- **DATA SHOWN**
◆ ◆ ◆ ◆
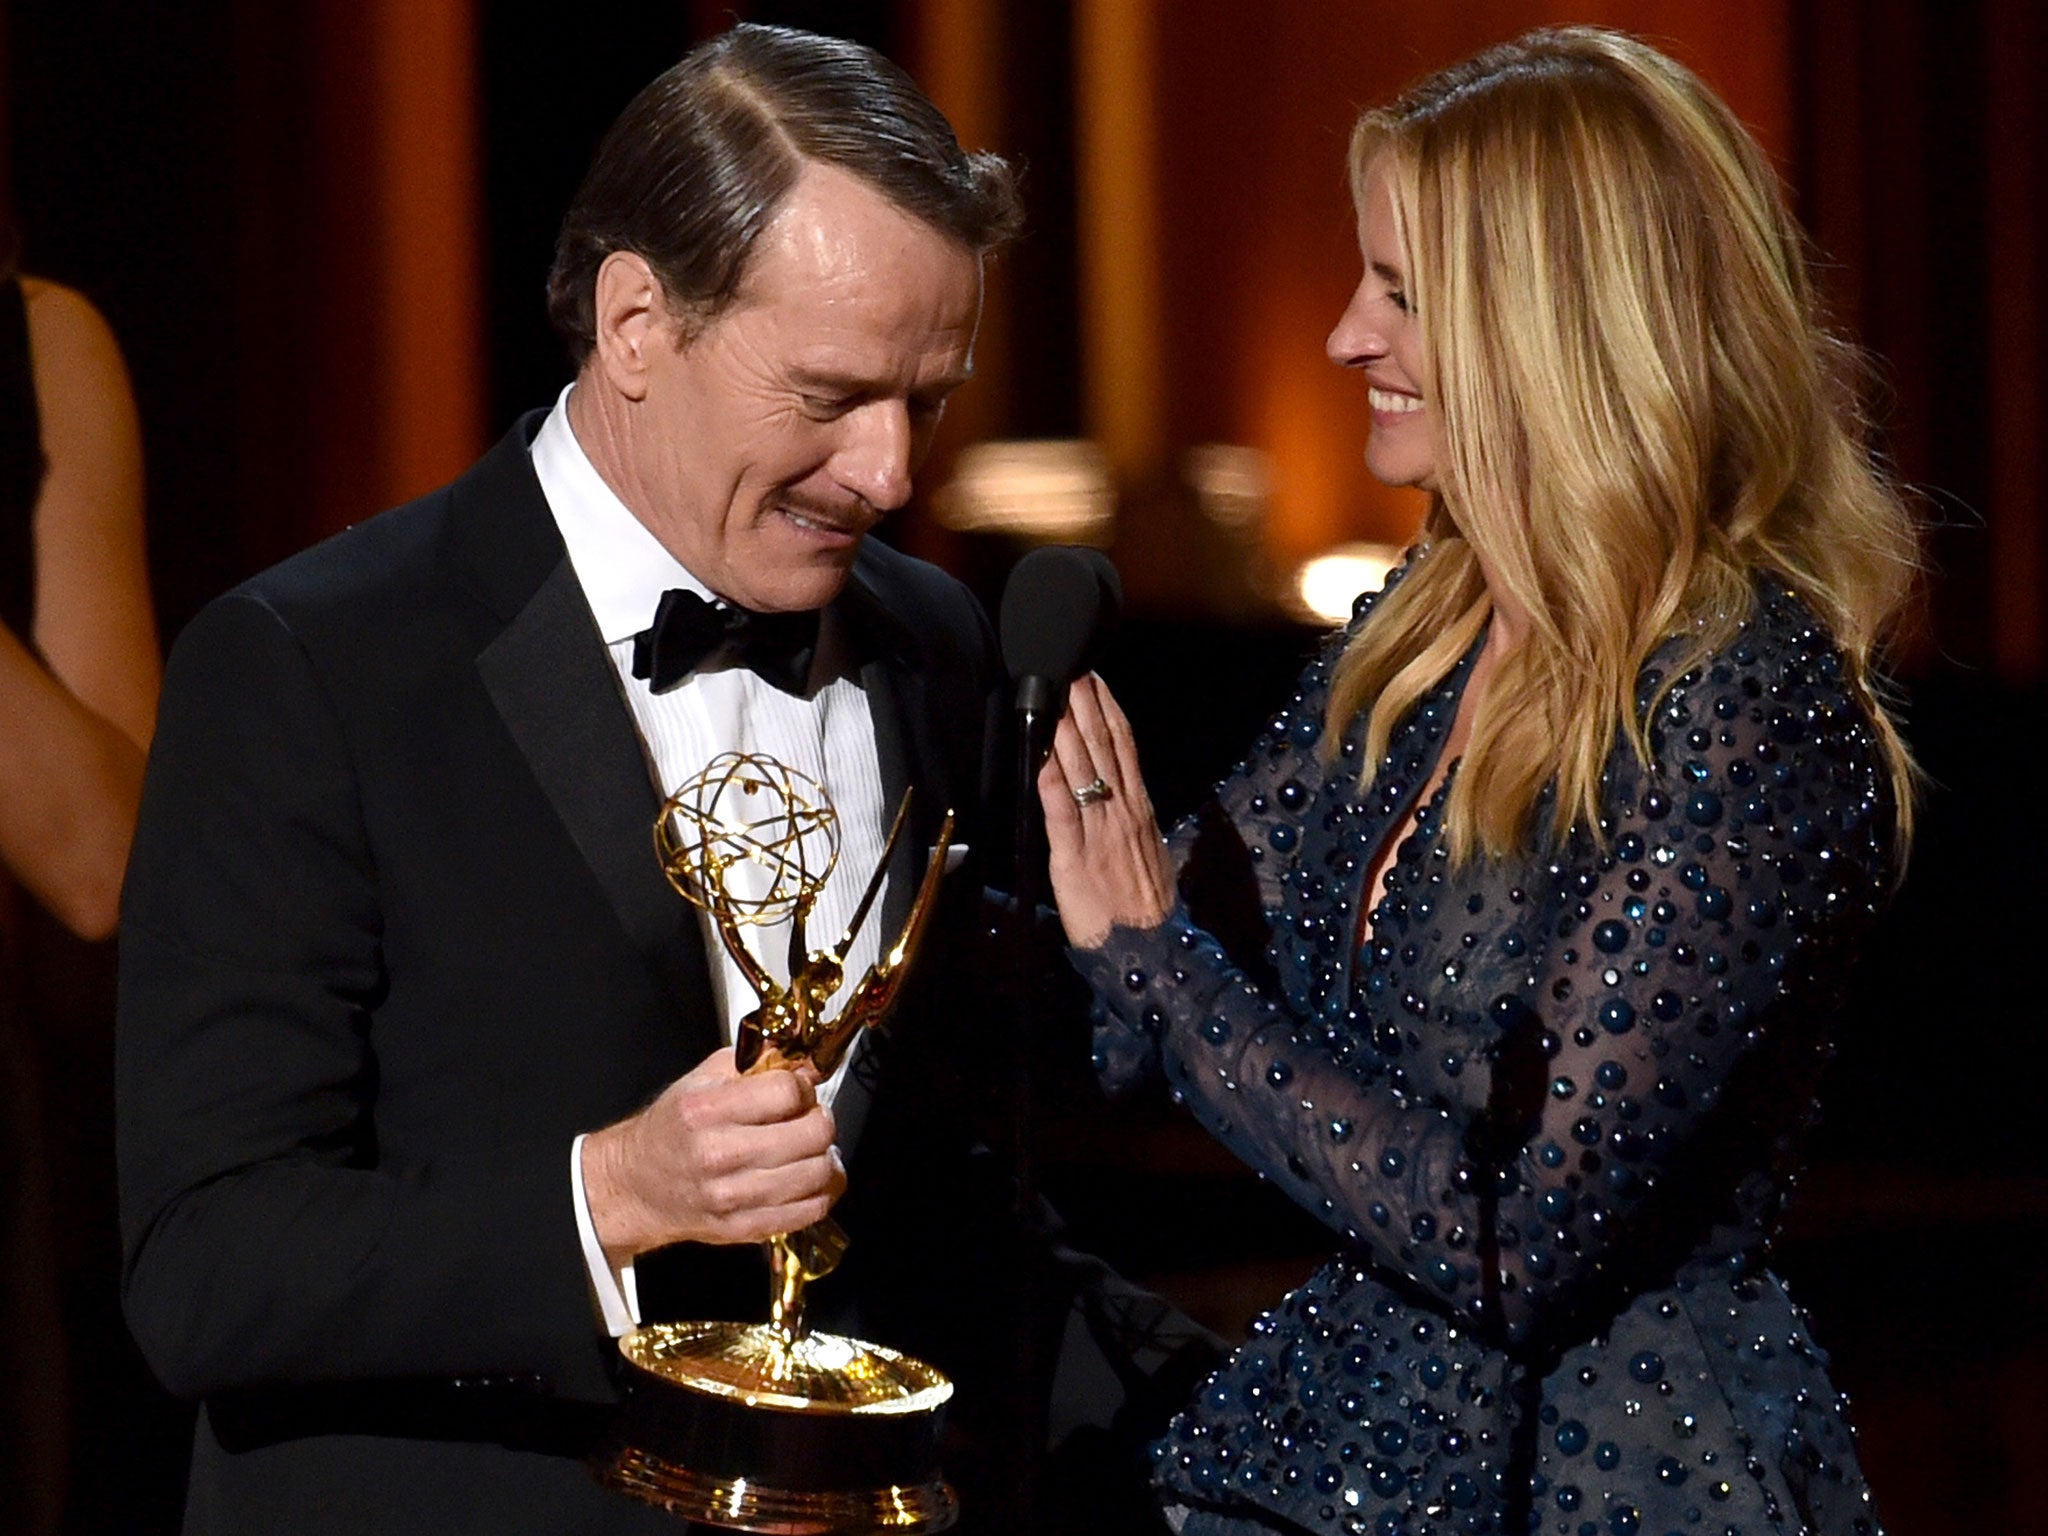 Actor Bryan Cranston (L) accepts Outstanding Lead Actor in a Drama Series for 'Breaking Bad' from actress Julia Roberts onstage at the 66th Annual Primetime Emmy Awards held at Nokia Theatre L.A. Live on August 25, 2014.
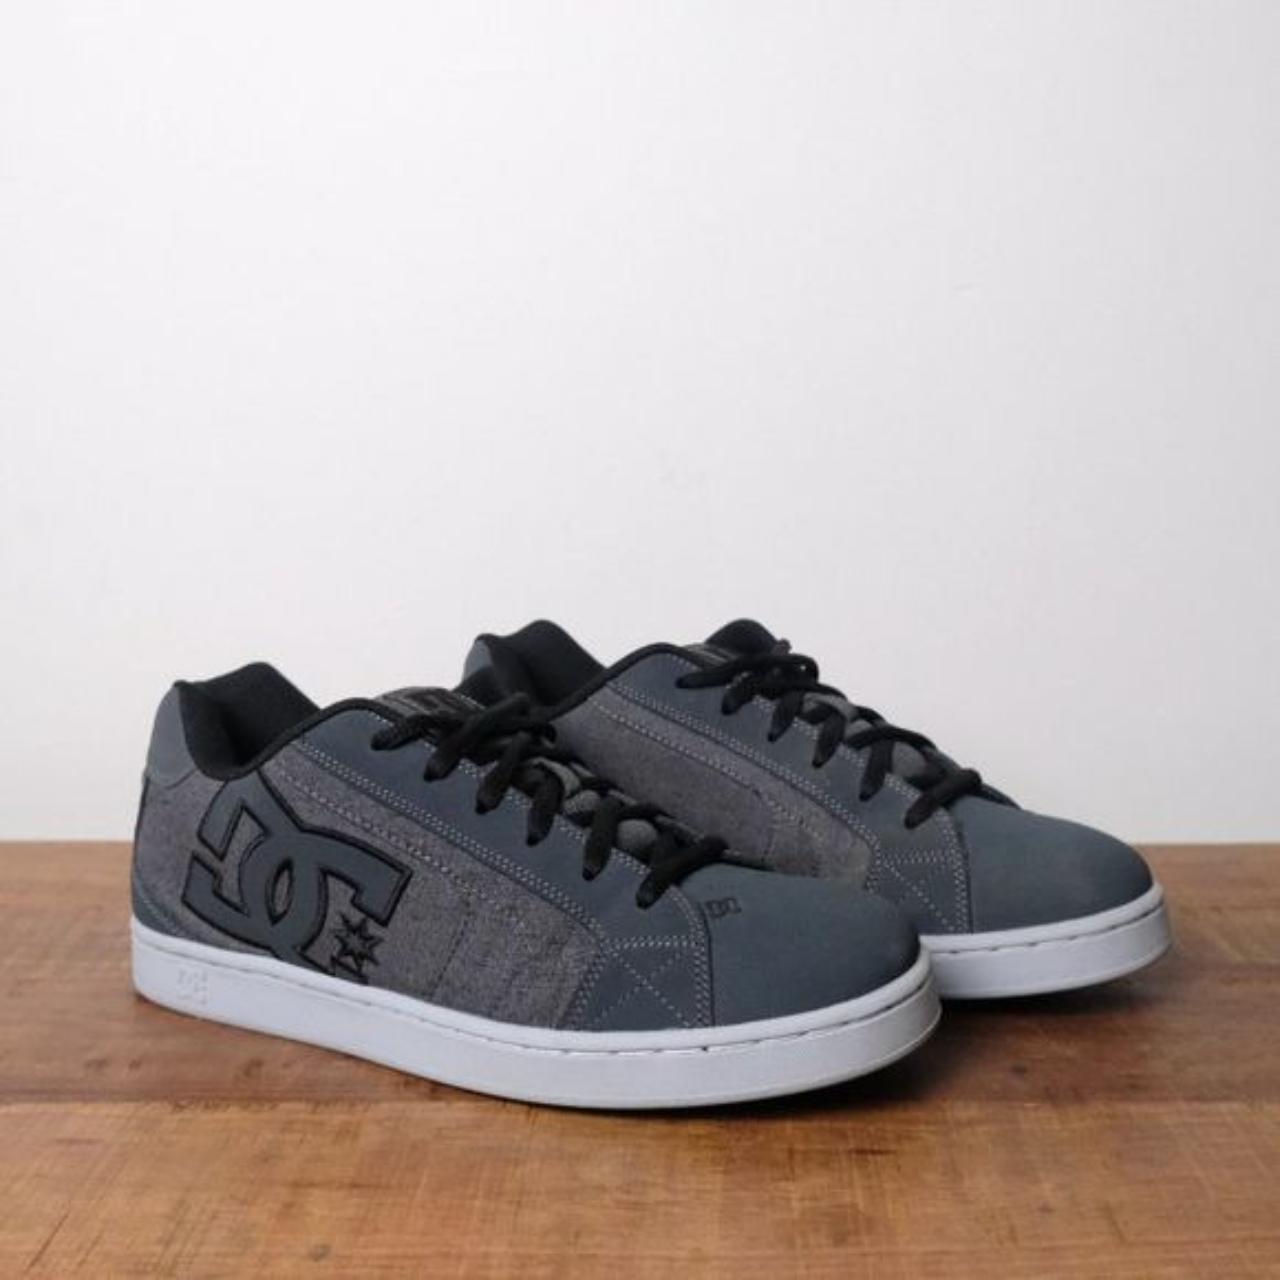 DC Net SE Trainers in Black Resin
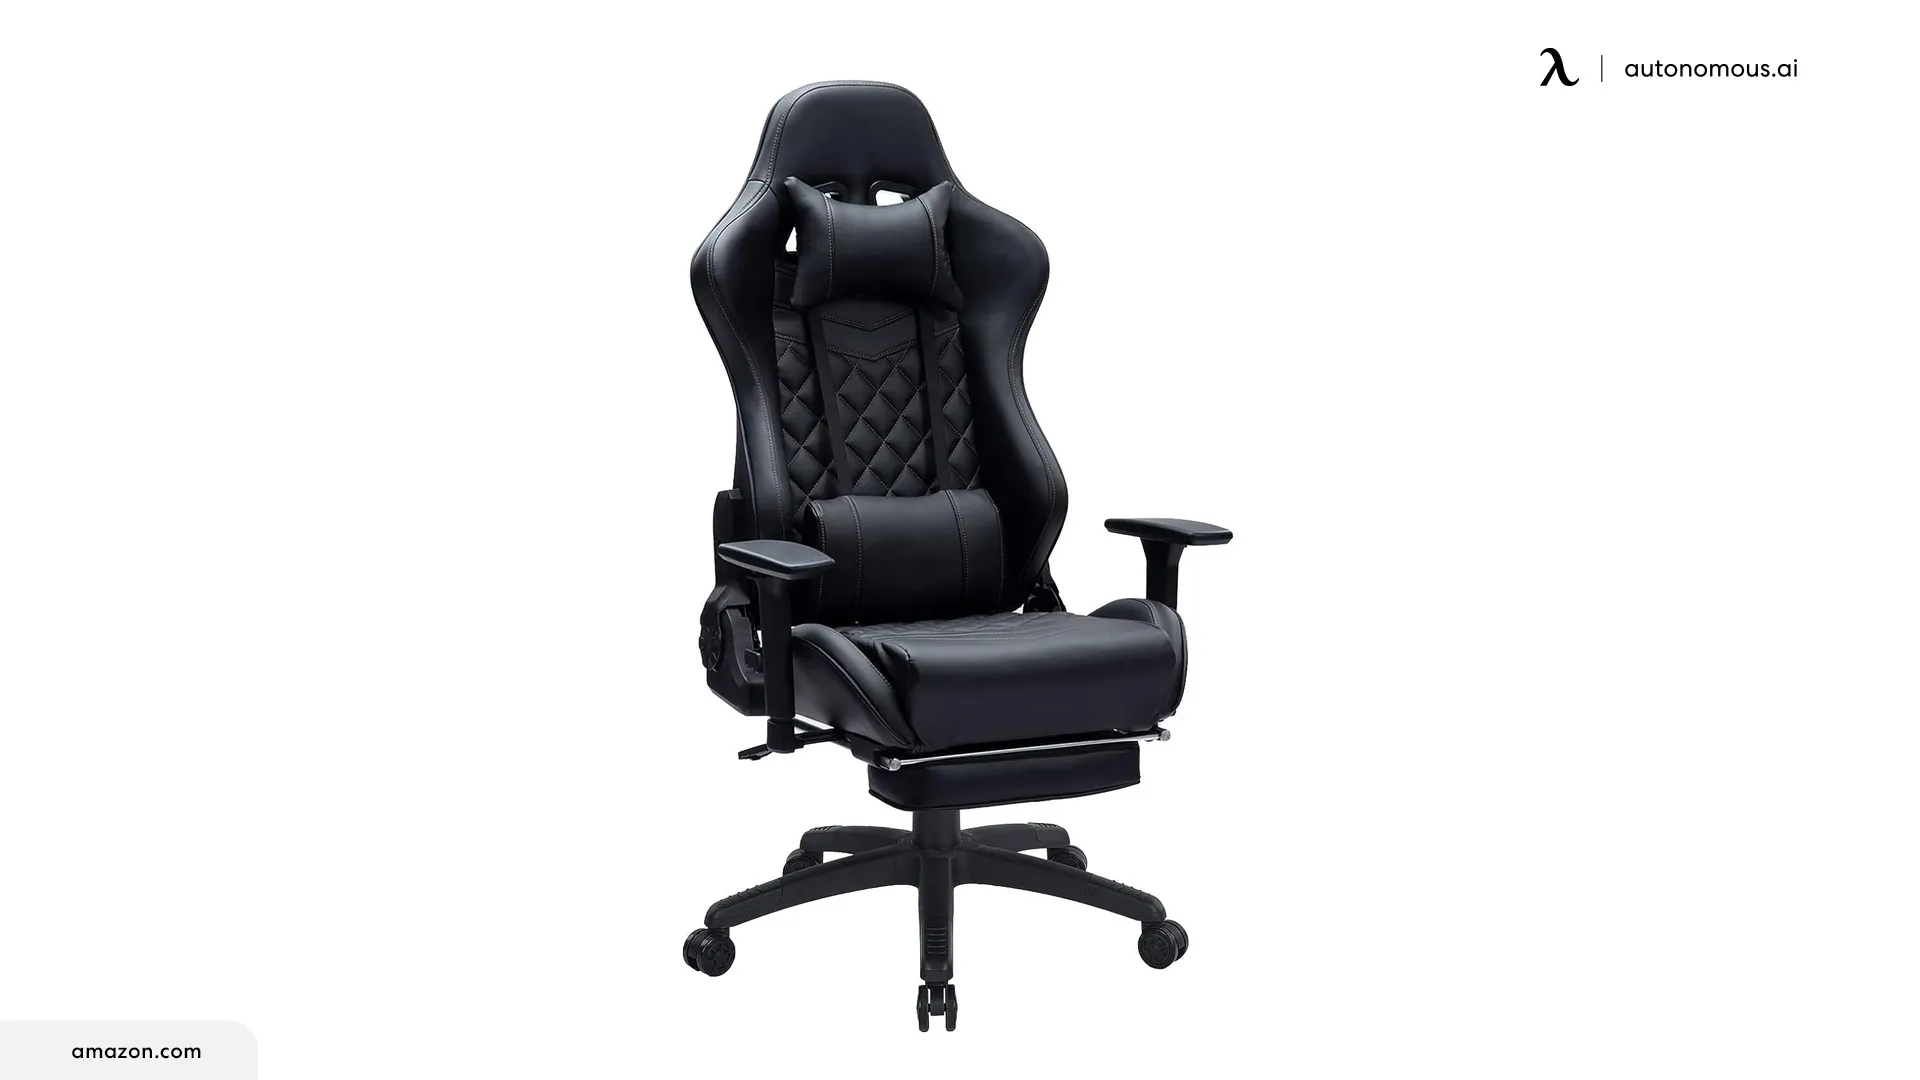 Blue Whale Heavy Duty Gaming Chair
◆ ◆ ◆ ◆
- **BRIEF**
Your task is to set down each line above verbatim while excluding the pictures.

- **TASK RESULT**
 Actor Bryan Cranston (L) accepts Outstanding Lead Actor in a Drama Series for 'Breaking Bad' from actress Julia Roberts onstage at the 66th Annual Primetime Emmy Awards held at Nokia Theatre L.A. Live on August 25, 2014.
 DC Net SE Trainers in Black Resin
 Blue Whale Heavy Duty Gaming Chair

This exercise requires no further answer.